Teaching with Tech: How to Use Generative AI for Clinical Skills Development

Your students are likely already using AI (Artificial Intelligence), with recent research indicating a 26% rise in usage from 2024-25.  In this post, Grace Riley, Lecturer and Clinical Educator in the CEDAR Department at the University of Exeter, considers the ways in which Generative AI tools can be leveraged to support learners, and particularly those within a clinical programme.

Student use of AI is rising, with research estimating that 92% of university students were using AI in 2025, up from 66% in 2024 (Freeman, 2025). Moreover, whilst students argue that AI should be an integral part of their education experience (Jisc, 2023), only 36% of them receive institutional support to use AI (Freeman, 2025). Within clinical education, students are enhancing their traditional learning experience by incorporating AI tools like virtual patients and question-and-answer systems (Duan et al., 2025).

Generative AI (GenAI) can create realistic patient scenarios, ask questions, and provide feedback to the user, allowing students to practice interpersonal and communication skills and clinical decision making (Abd-Alrazaq et al., 2023). Utilising GenAI as a virtual patient offers an alternative to live roleplay by simulating realistic clinical interactions in a safe setting. In an era of digital healthcare, this could be particularly applicable to future practitioners required to deliver text-based support to patients. Below, I set out my three-step process to integrating GenAI tools into clinical training courses.

Step 1: Setup

I lecture on a clinical training course for NHS workers supporting patients with mental health difficulties by using CBT (Cognitive Behavioural Therapy) techniques. The competency to deliver interventions across all modes of support, including interactive text, is explicitly stated in the curriculum. At least half of the programme is dedicated to clinical skills development, affording the potential to use GenAI to support and enhance learning.

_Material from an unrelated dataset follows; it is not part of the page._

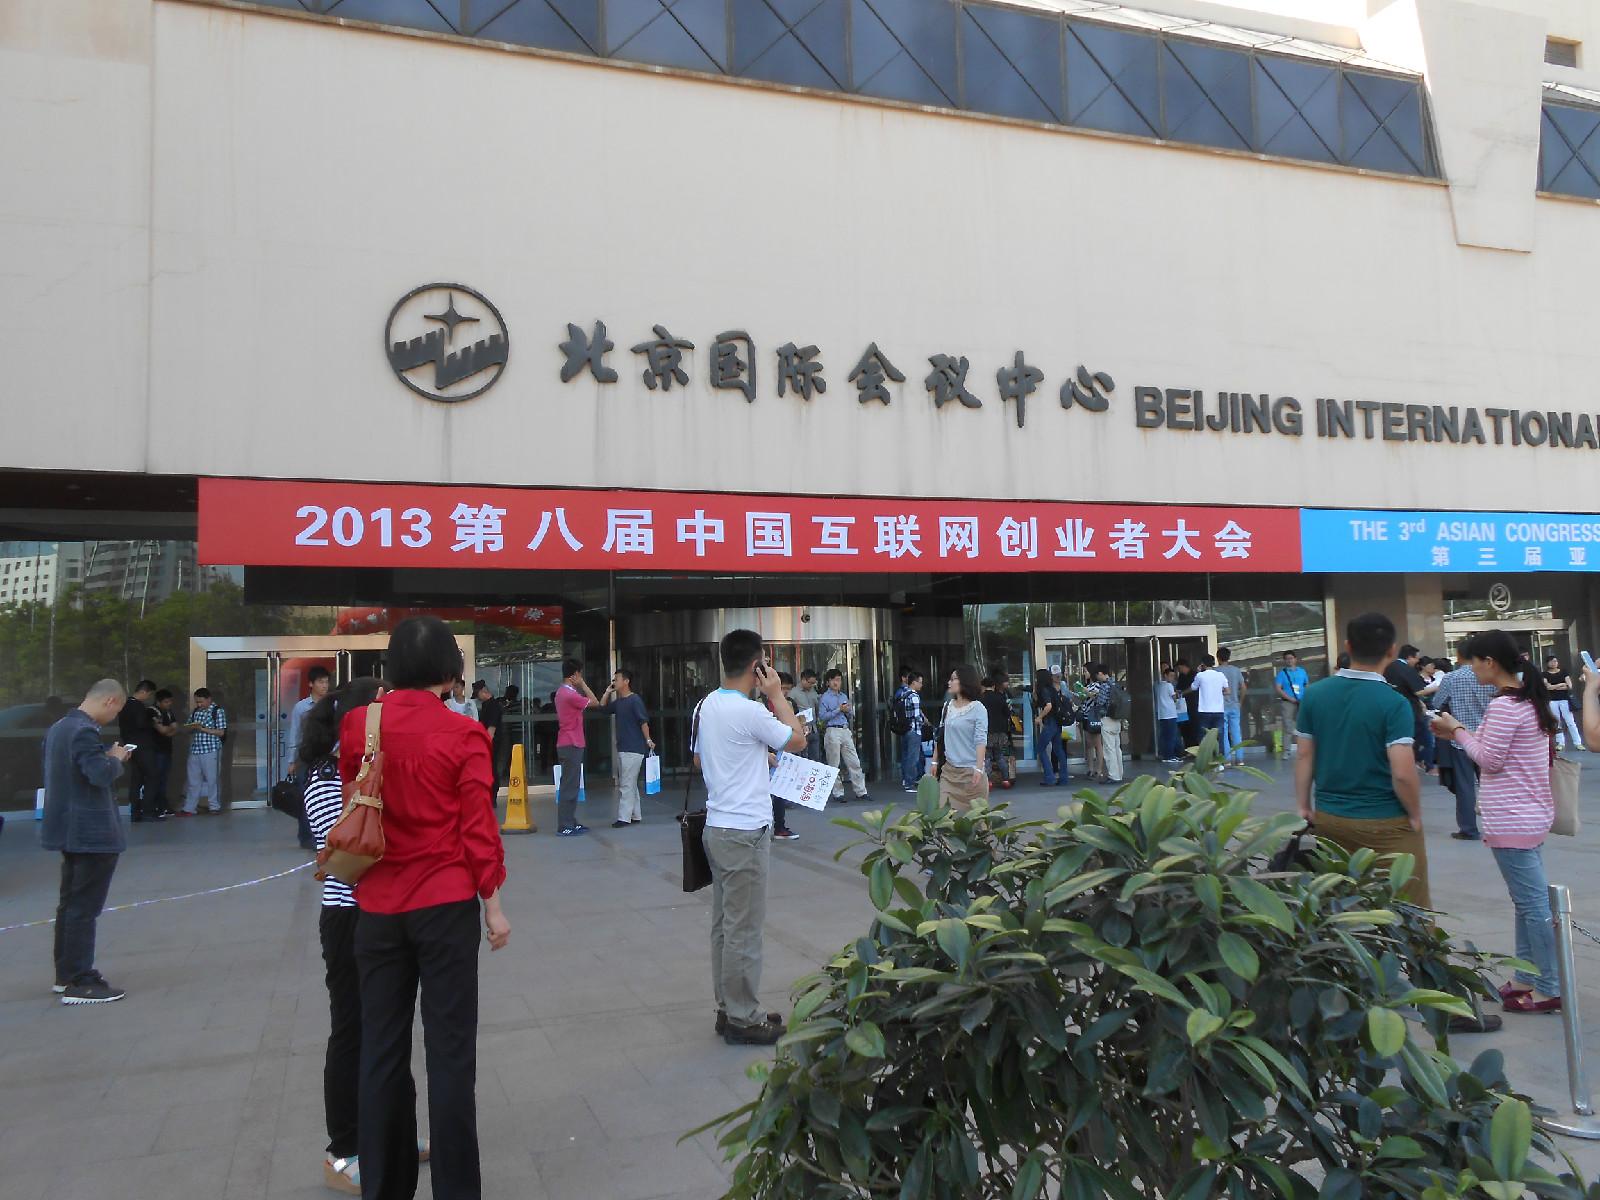 尚春泽参加2013中国互联网创业者大会图集

On the course, students are actively encouraged to use GenAI, engaging with GenAI roleplays to practise information gathering at assessment, and information giving within treatment. These are optional tasks, and the alternative is to complete a roleplay with a real person, to promote inclusion for those who were not as familiar or comfortable using AI tools.

When setting up these GenAI tasks for my learners, I provide a caveat with the instructions. GenAI cannot understand or feel emotions and lacks cultural competence (Wang et al., 2025). It may produce inaccurate or misleading information, and it cannot comprehend the meaning behind its responses. As GenAI tools typically filter out ‘harmful’ content, this limits the extent to which GenAI can be used to practice clinical skills such as risk assessment without ‘tricking’ the AI into bypassing these filters (Stapleton et al., 2023). Therefore, I emphasise that GenAI cannot and should not replace the experience of working with real patients. I also signpost to our internal student guidance on AI use to supplement their understanding and ensure they are using tools responsibly and ethically.

Depending on your students’ (and your) AI knowledge, you could also provide them with some suggestions of GenAI tools to use for this task. If you have scope, your students will likely find it helpful to be provided with training on how to responsibly access and use GenAI (Jisc, 2023).

Step 2: Provide prompts

You’ll need to provide a prompt for trainees to put into a GenAI tool to keep the conversation on track. Usually, the more specific the prompt is, the better. I use something like this for a roleplay task around information giving treatment:

“We will now roleplay a low intensity CBT treatment session via instant messenger. You will be a patient with panic disorder, and I am the practitioner. I will give you psychoeducation on panic symptoms so respond as if you are a patient.”

Here’s an example of my conversation with ChatGPT using the above prompt:

At the end of the roleplay, or at any point throughout, you can ask the AI to give you feedback on the messages, for example using the prompt:

“Can you now give me constructive feedback on my performance? For example, the clarity of my explanations, use of jargon, and interpersonal skills.”

Here’s a snippet of that exchange:

 

Step 3: Gather feedback

It’s pointless to make a change in teaching practice without exploring how effective it is. AdvanceHE has an excellent good practice guide to gathering student feedback, helping you to decide what method of feedback would be best for your cohort and task.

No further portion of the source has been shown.